Dataset excerpt:
* * * * * * *
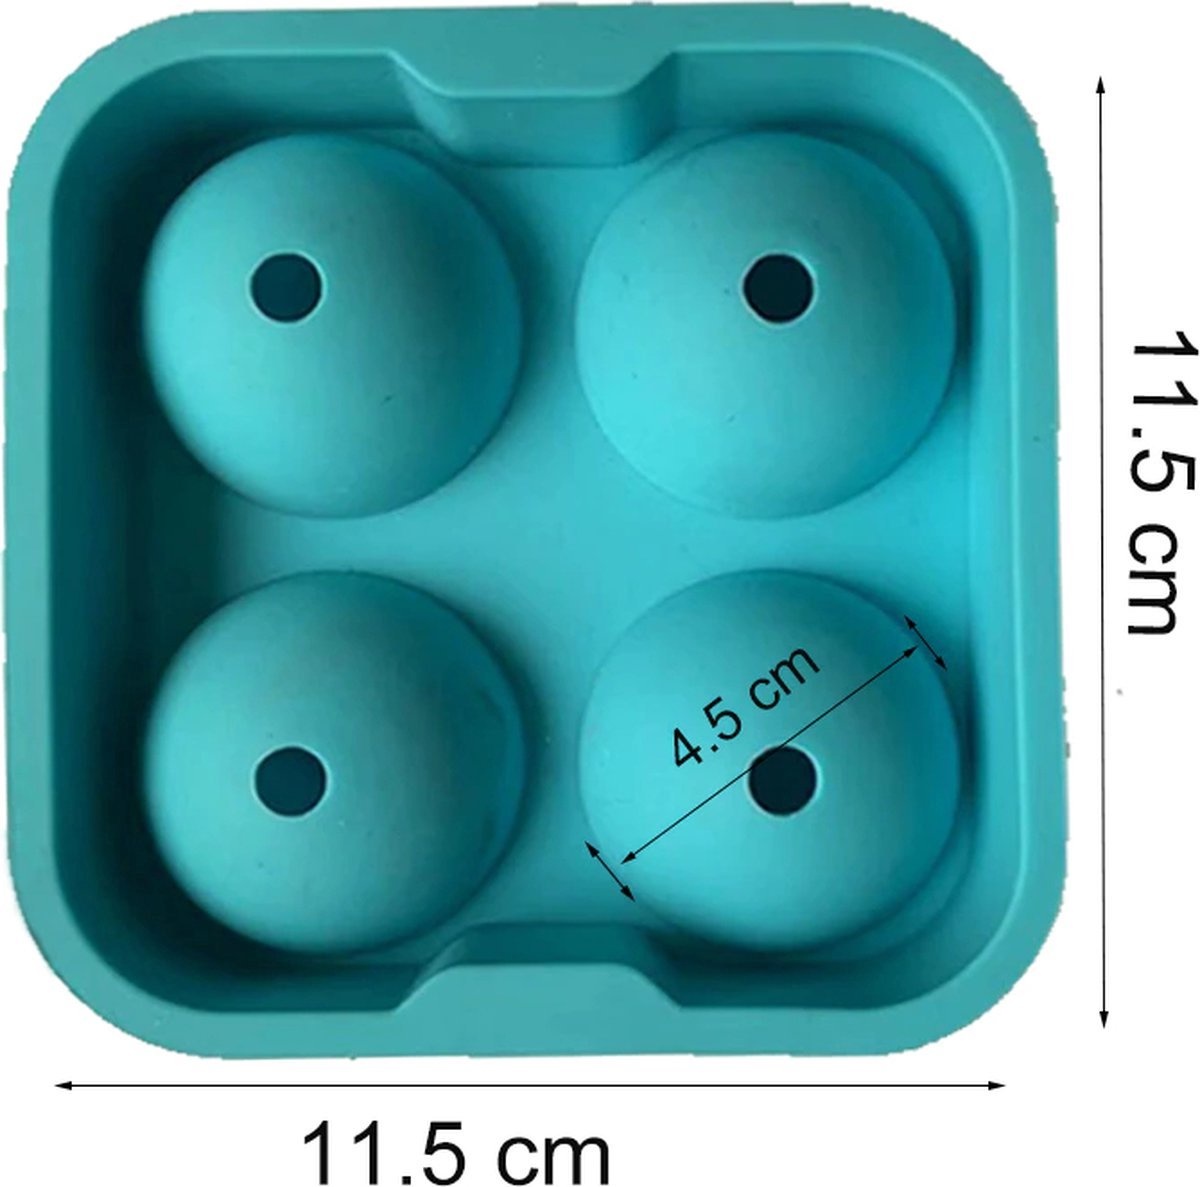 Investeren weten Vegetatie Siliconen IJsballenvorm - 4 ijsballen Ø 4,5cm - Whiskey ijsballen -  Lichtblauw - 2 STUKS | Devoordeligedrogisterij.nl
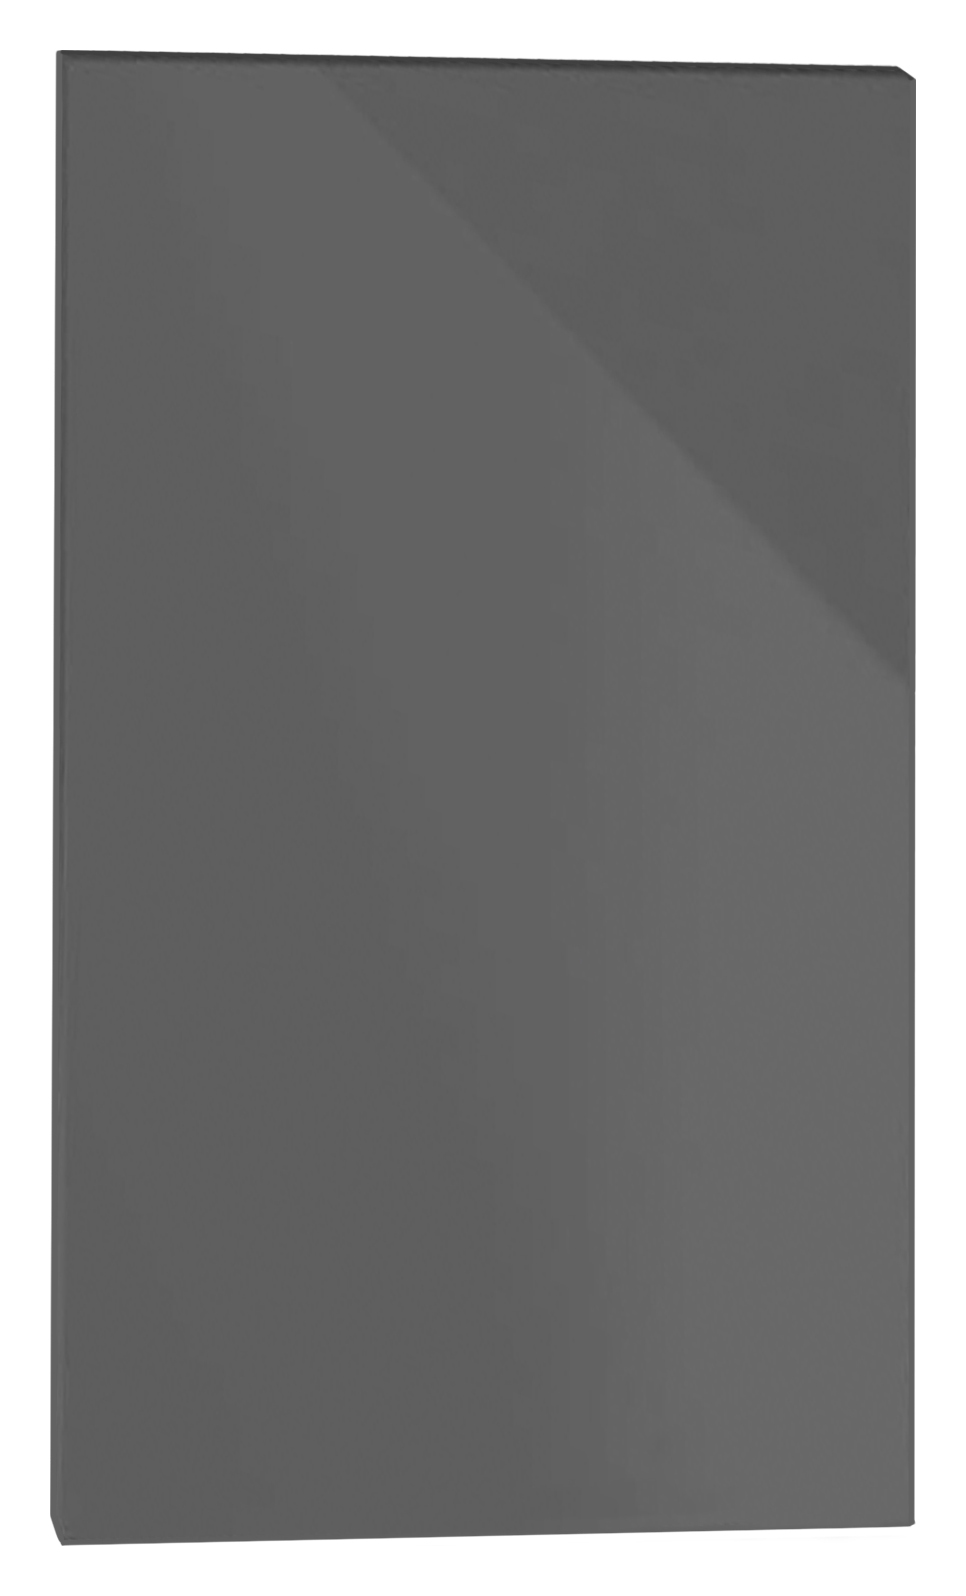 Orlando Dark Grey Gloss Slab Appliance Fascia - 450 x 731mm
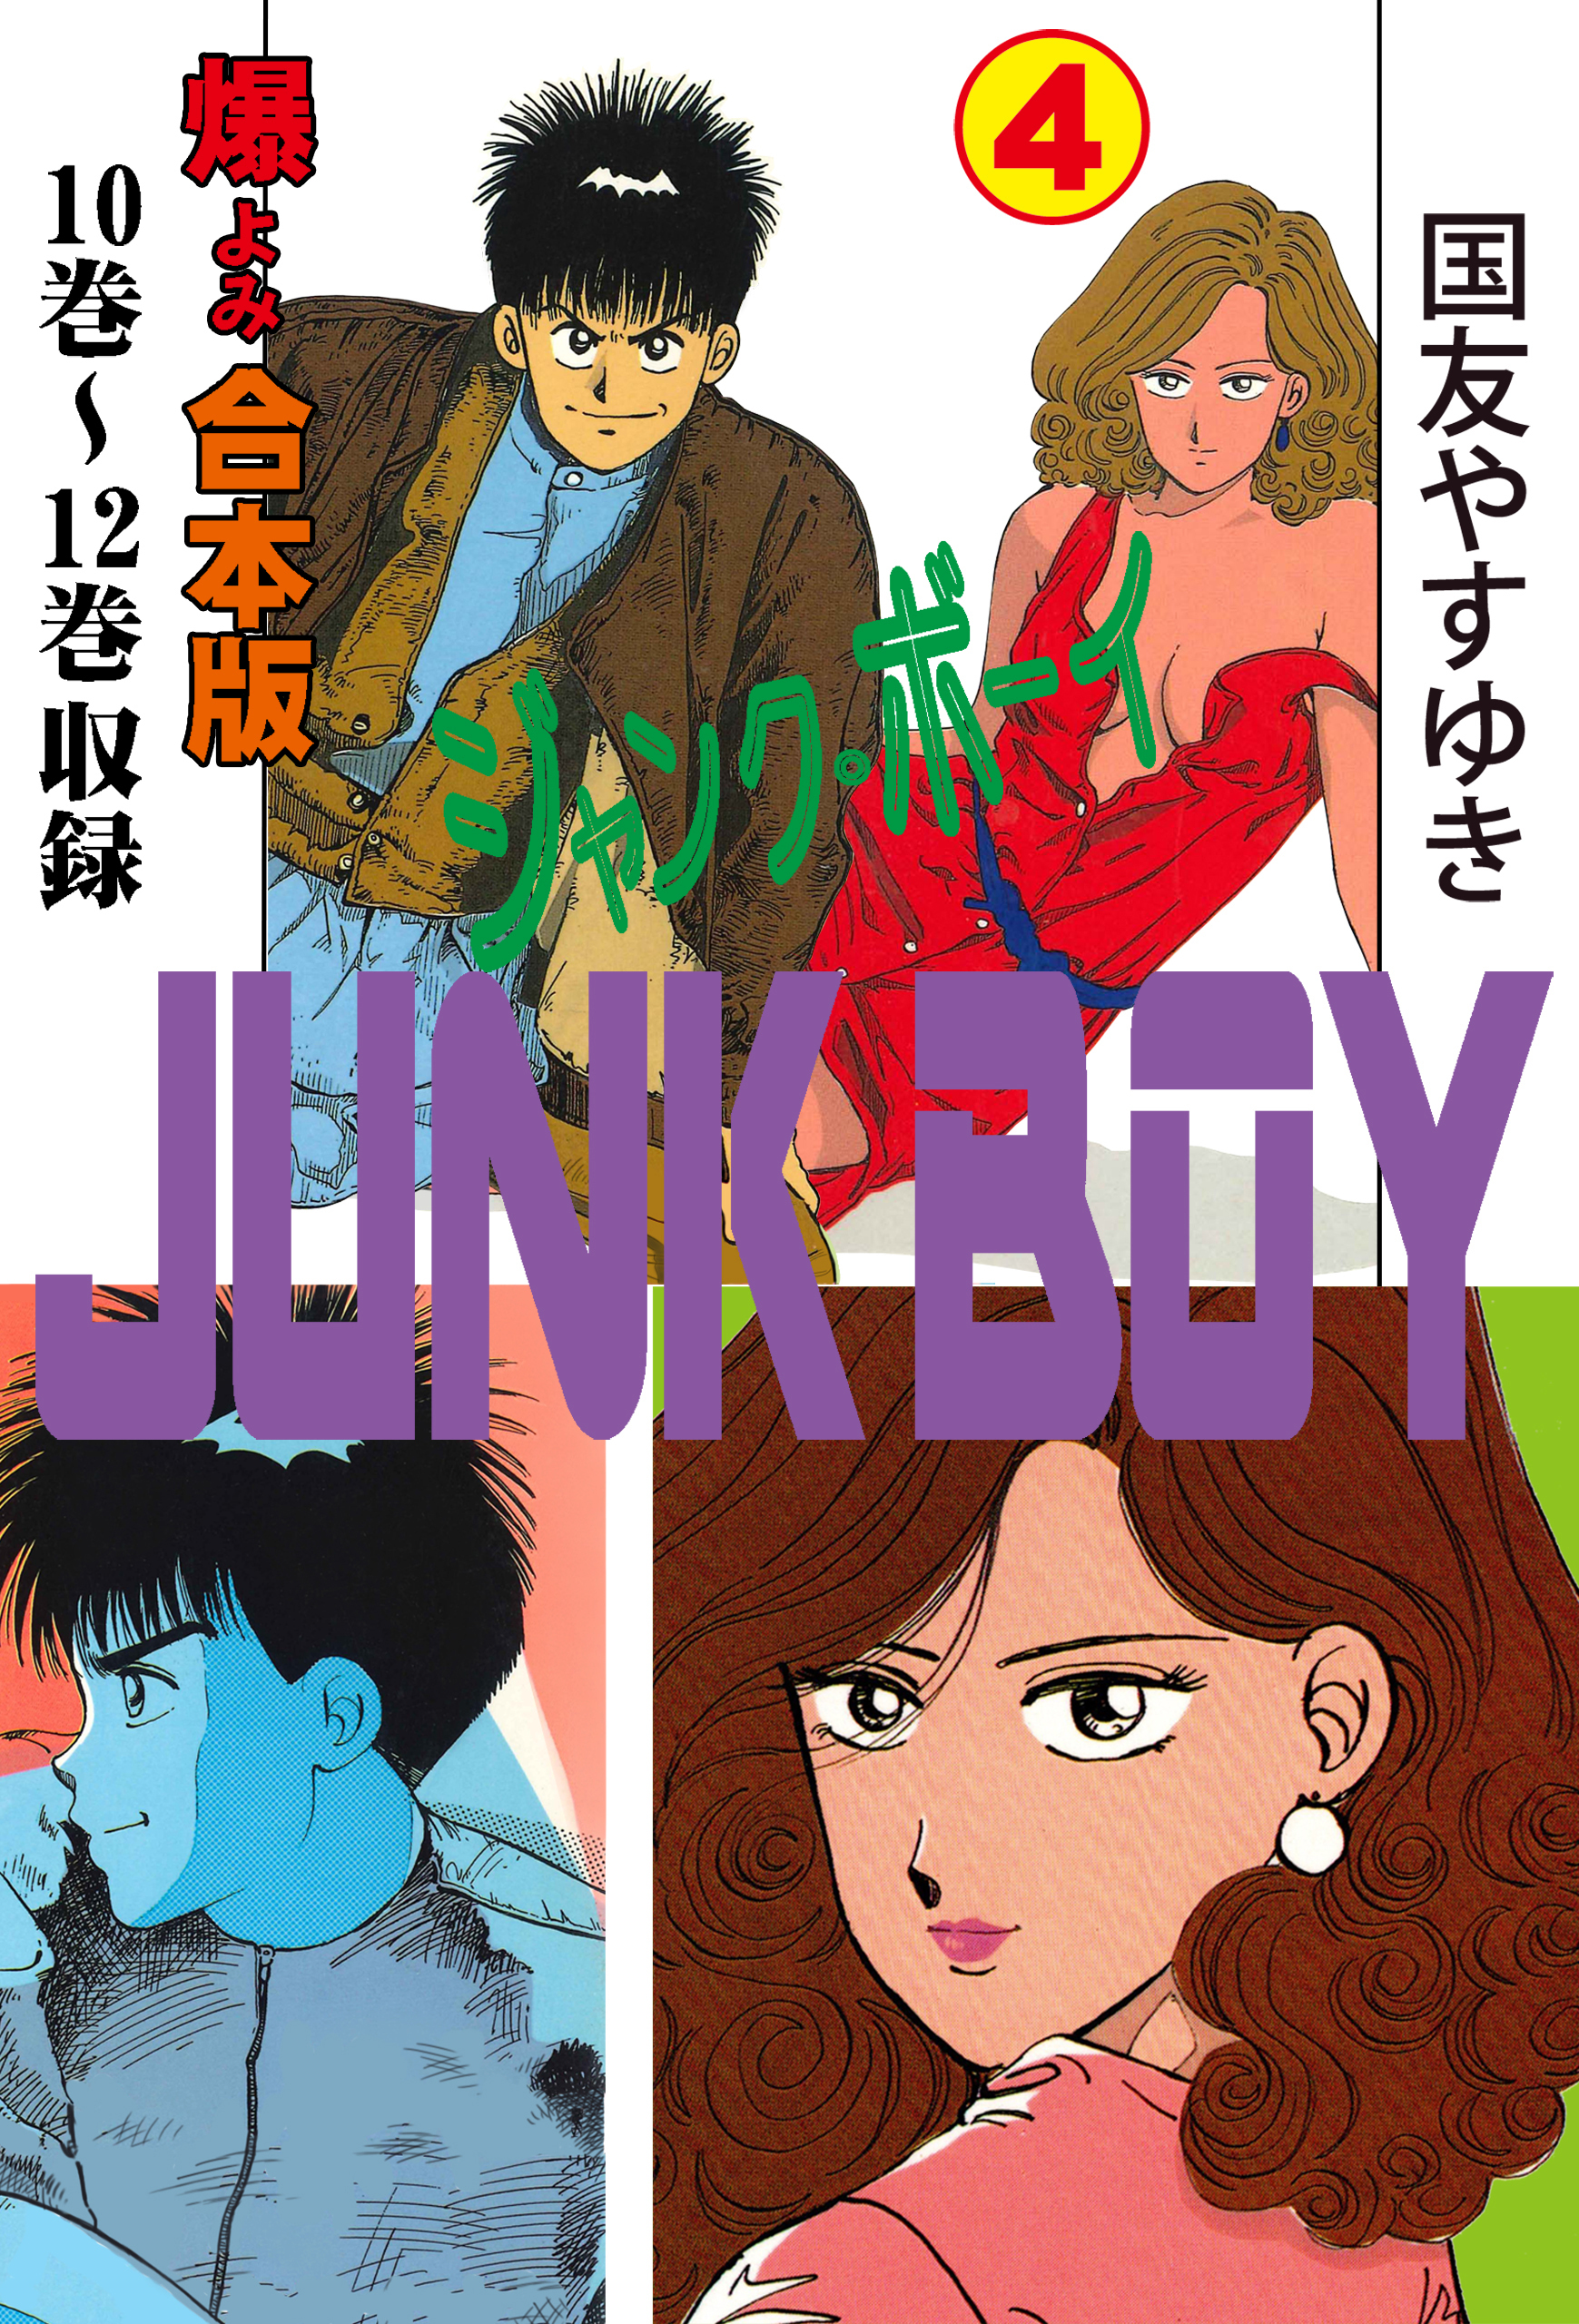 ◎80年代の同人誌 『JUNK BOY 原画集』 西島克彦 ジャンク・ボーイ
* * * * * * *
Task directions:
Exact copy, pictures omitted: every line from the one holding "Orlando Dark Grey" through the last line of the data above, and nothing else.

Answer to this problem:
 Orlando Dark Grey Gloss Slab Appliance Fascia - 450 x 731mm
 ◎80年代の同人誌 『JUNK BOY 原画集』 西島克彦 ジャンク・ボーイ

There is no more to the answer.